I think Silicon Valley has a failure of imagination on how the economy works and wage/job improvements will be significantly more widespread than the industry is messaging. That’s a good thing but the tech industry fundamentally has both ego and myopia on areas outside of itself.
Congratulations on your book award, James! That's excellent. And well deserved.
This is persuasive, AND: 1. It is easy to design tests that are obvious but almost all humans get wrong too - optical and cognitive illusions are examples. Complete failure at a category of tasks may reveal only a quirk of cognitive structure - a usually-beneficial shortcut - rather than a deep lack. Or something in between. 2. Reasoning about the necessity of world models should include the Helen Kellers and quadriplegics-since-birth of the world - people whose sensory input was severely restricted (sometimes to just symbolic language and/or limited proprioception) yet developed understandings of basic physics. I don't know what they tell us: is the inherent problem difficulty less than argued here? Is more basic physics wired into our brains than we realize? But articles like this seem to assume successful functioning in the world should be impossible for such outliers.
I am not so sure it's a "big if".
After all, the history of AI, though trapped in the IF-THEN world of expert systems, was about working with so-called "world models". They are not new.
Bayesian belief networks are about world models, and they are not trapped by the idea that all you need is "attention" while running rampant around word vectors, which are by no means world models of anything.
Perhaps a truly important, but overlooked set of experiments were those conducted by Douglas Lenat, starting with his PhD project called AM - for Automated Mathematician.
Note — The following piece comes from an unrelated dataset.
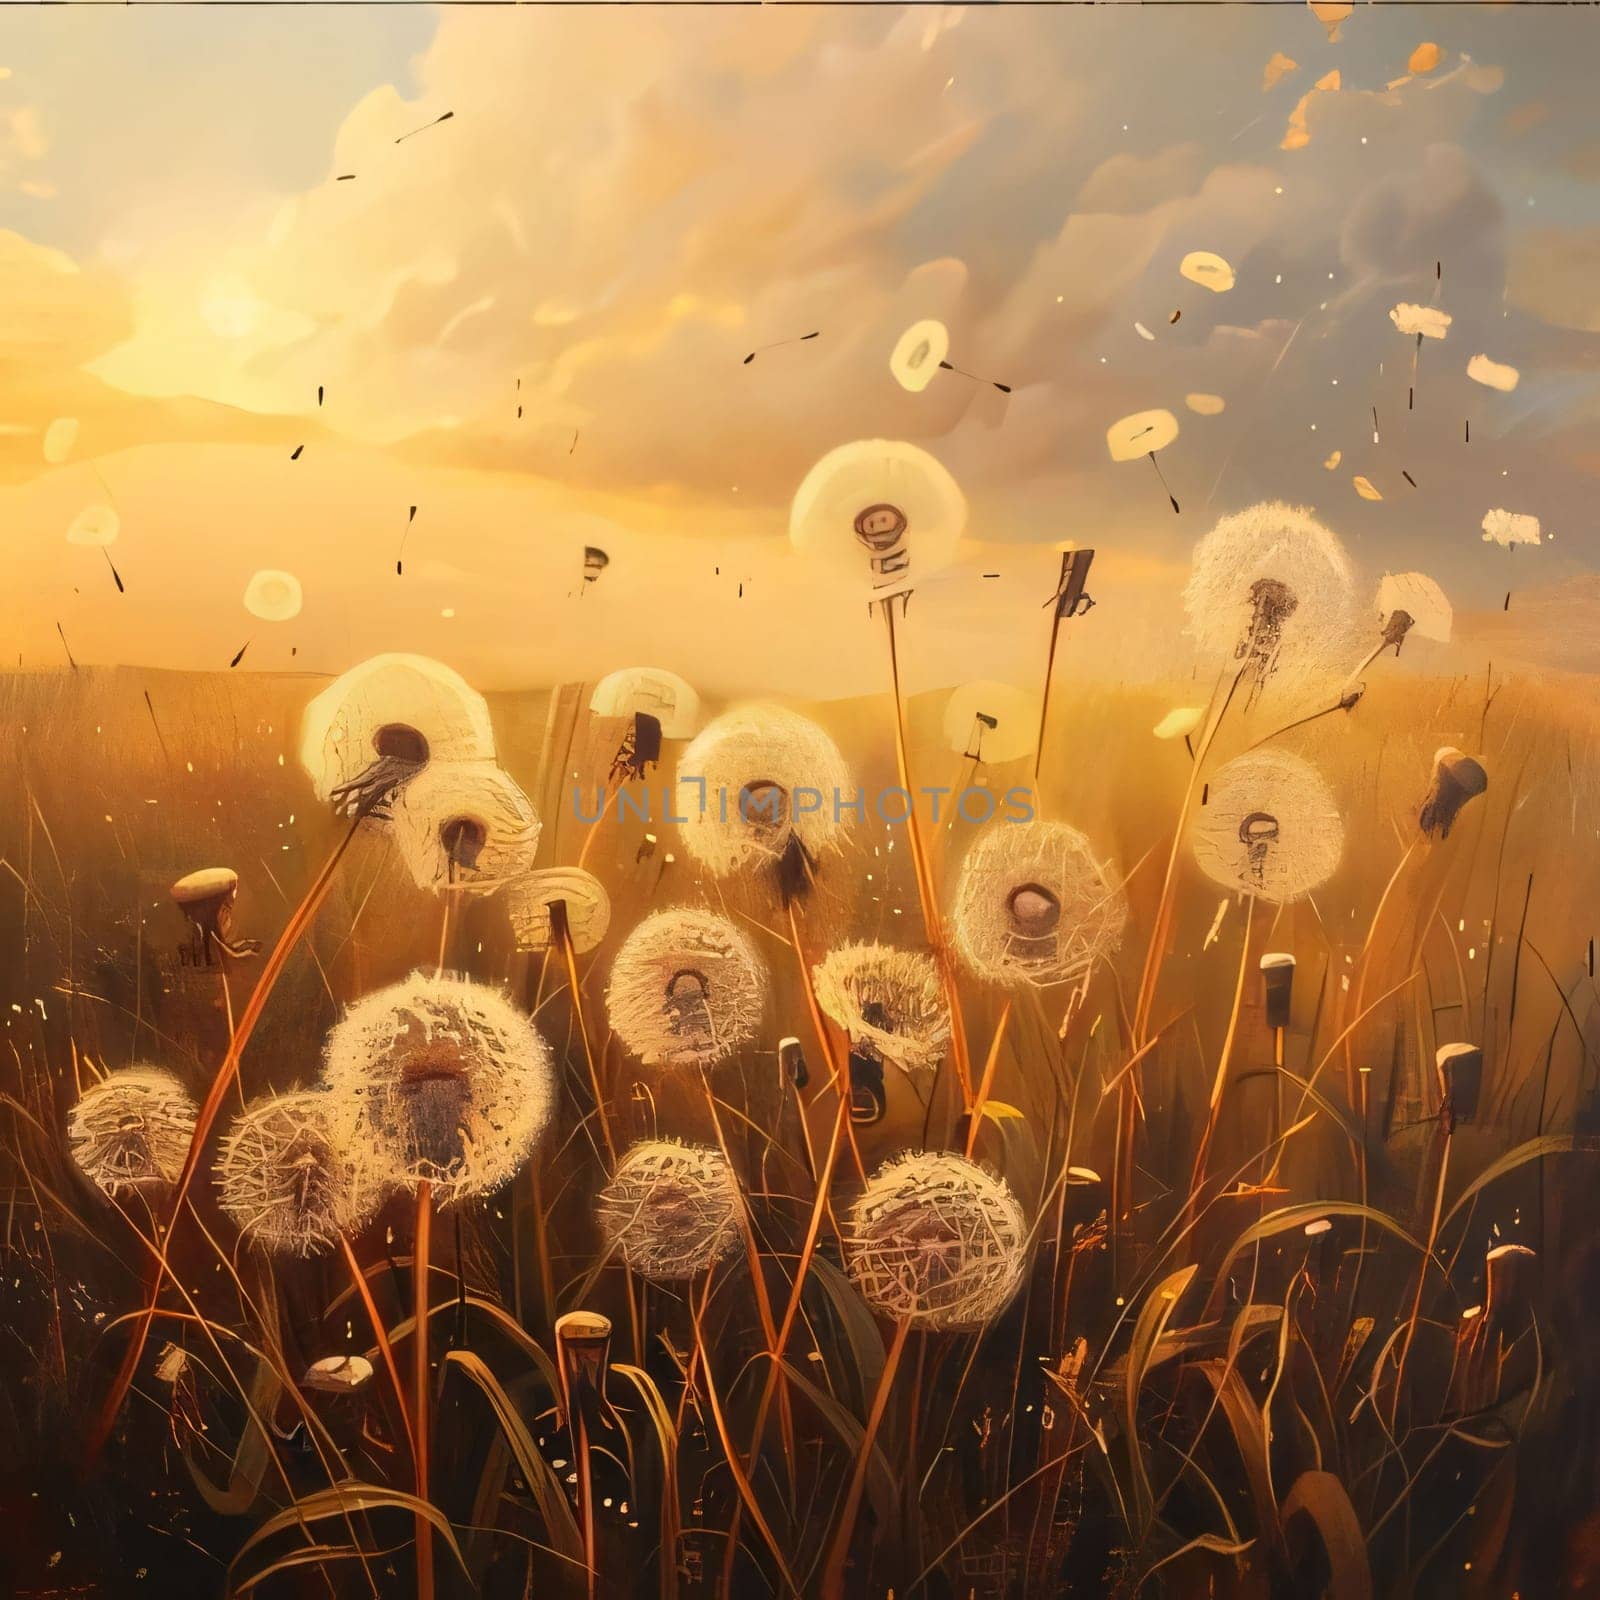 Dandelions in the grass. Sunset. Flowering flowers, a symbol of spring, new life. A joyful time of nature waking up to life.

It was, in fact, an expert system, but not one trained on world models, but instead, with rules on "how to think". AM was just given some random collections of information, and, new to it but not to society, it discovered prime numbers, and other oddities.
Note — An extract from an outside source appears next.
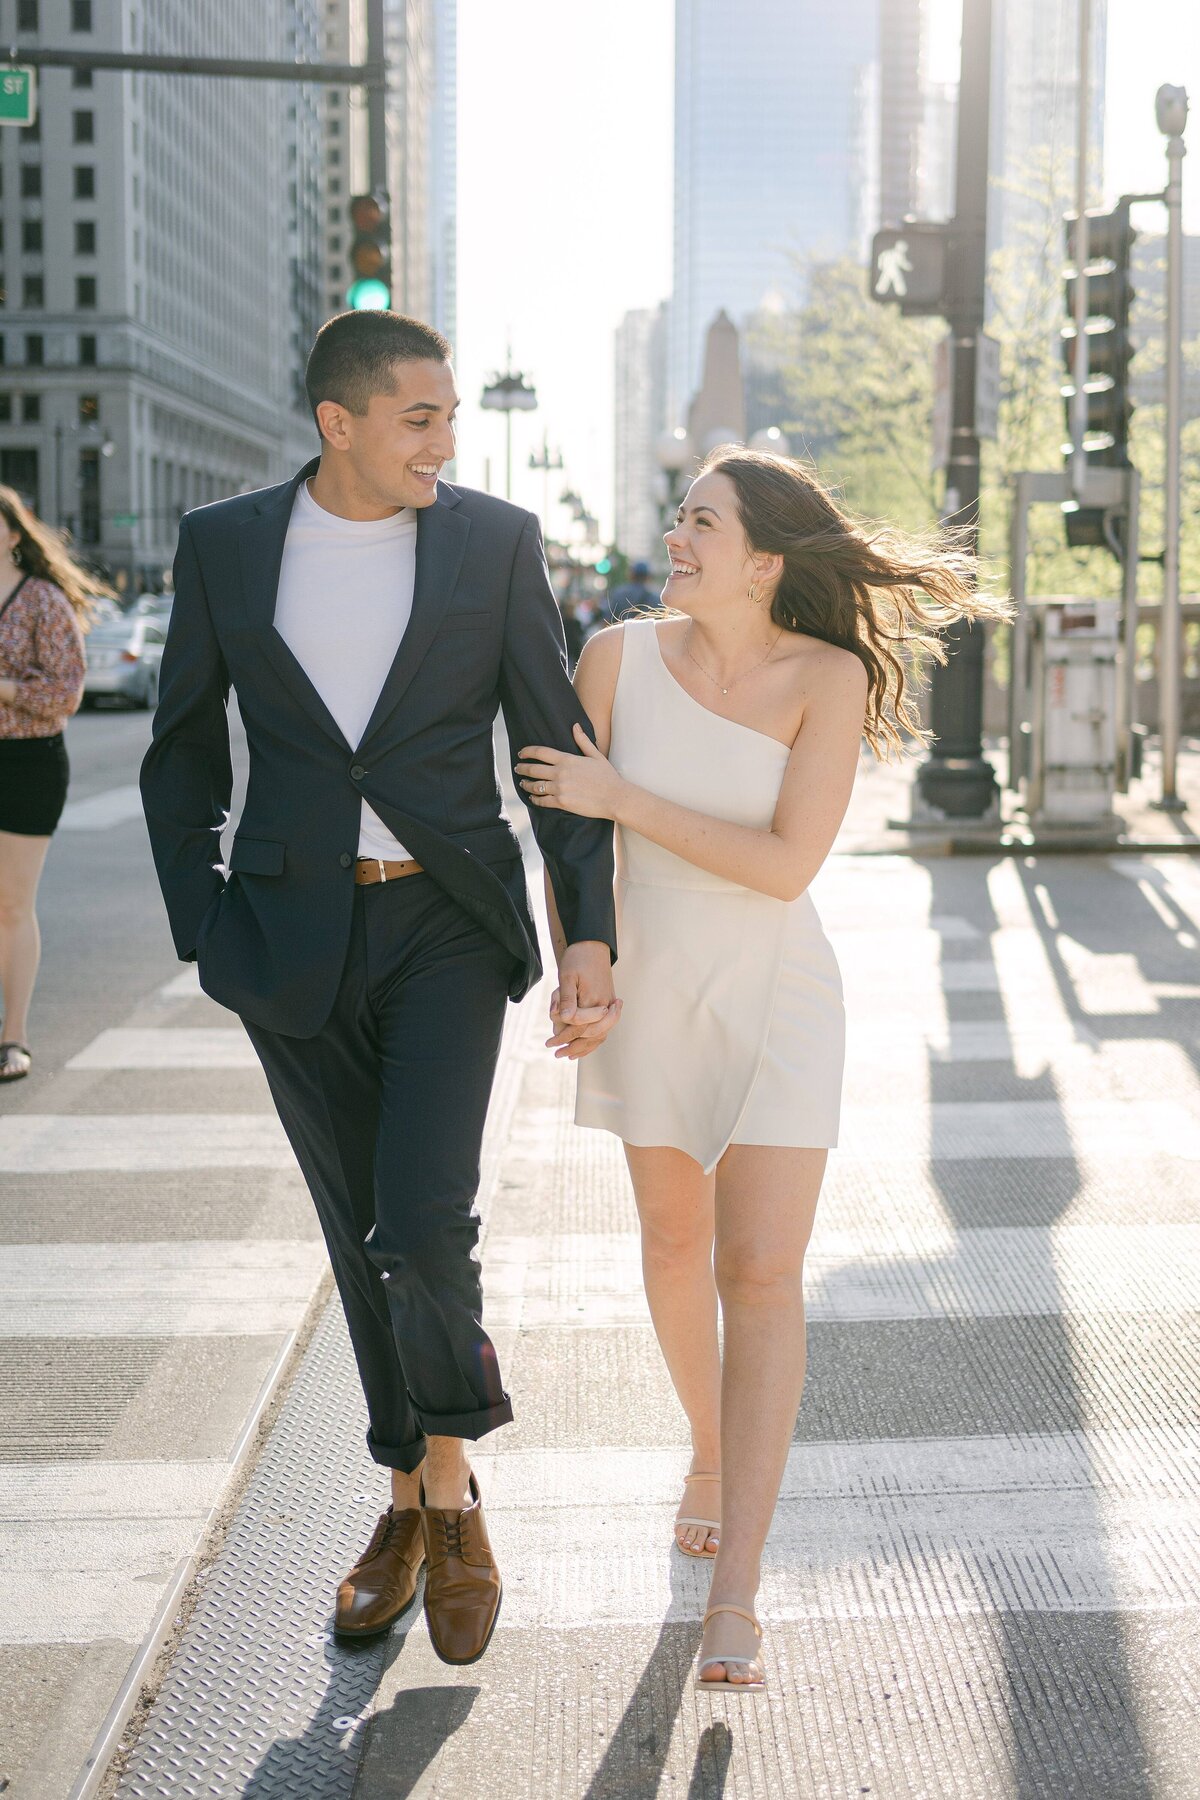 Katie-Whitcomb-Photography-chicago-engagement-session-Marie-Barret-003

He did his postdoc with Herb Simon and came out with an upgraded AM called Eurisko, which, unlike AM, was given real-world things to think about. It's first exercise was that of designing a navy capable of winning a game (Traveller's) which had the winning rule: last boat in the water wins. Eurisko discovered a heuristic which said that it's frequently valuable to explore both extremes of some continuum, but back up just a little. So, it's opening game was a truly massive, heavily armored ship, and a tiny unarmed speedboat. All players saw that and surrendered. They changed some rules and Eurisko came back with a ship which had the ability to immediately replace damaged equipment and sailors from below deck - thus, not loosing fleet agility capabilities, and a flying boat. Again, surrender.
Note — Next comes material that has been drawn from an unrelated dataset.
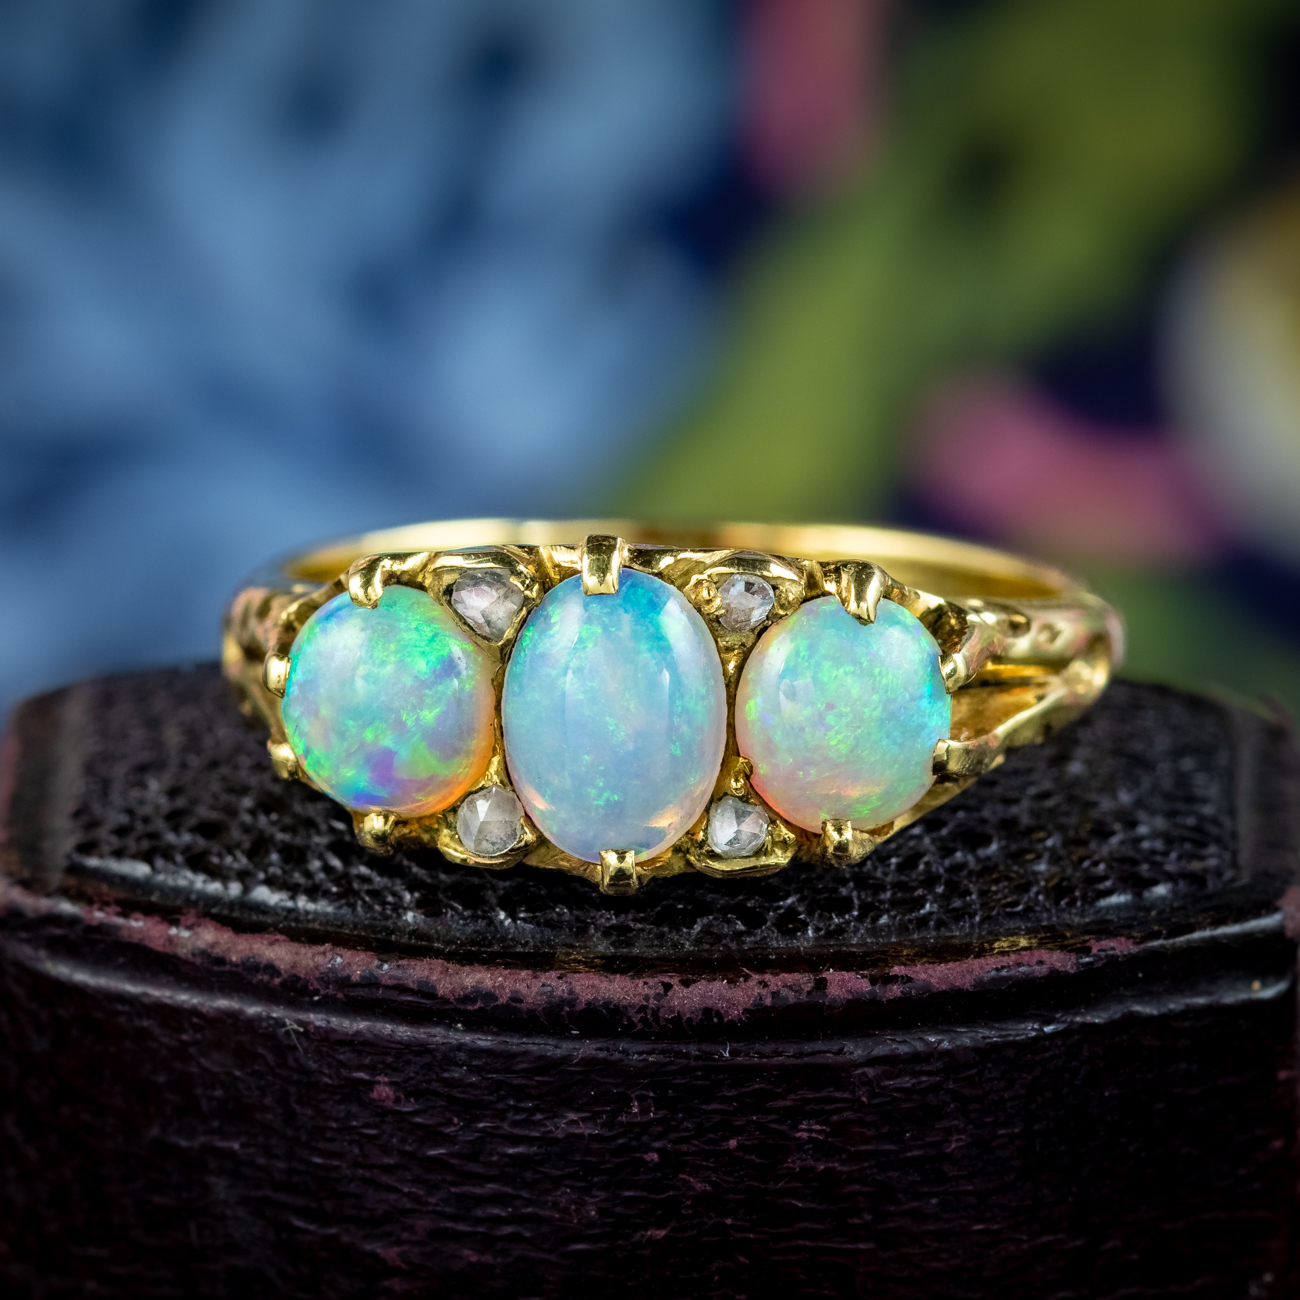 Antique Victorian Opal Diamond Trilogy Ring 0.90ct Total

The next task was to answer the question: how can we save one transistor per gate in VLSI design. Eurisko decided that the fundamentally 2-dimensional nature of chip design was ripe for a third dimension; doing so saved one transistor per gate. On a billion-gate chip, that's a lot. Carver Mead built one to show it could work.
So, through my lens, "returning" to world models is a truly reasonable way to move forward.
They were used in DeepMind's protein folding platform to enormous advantage.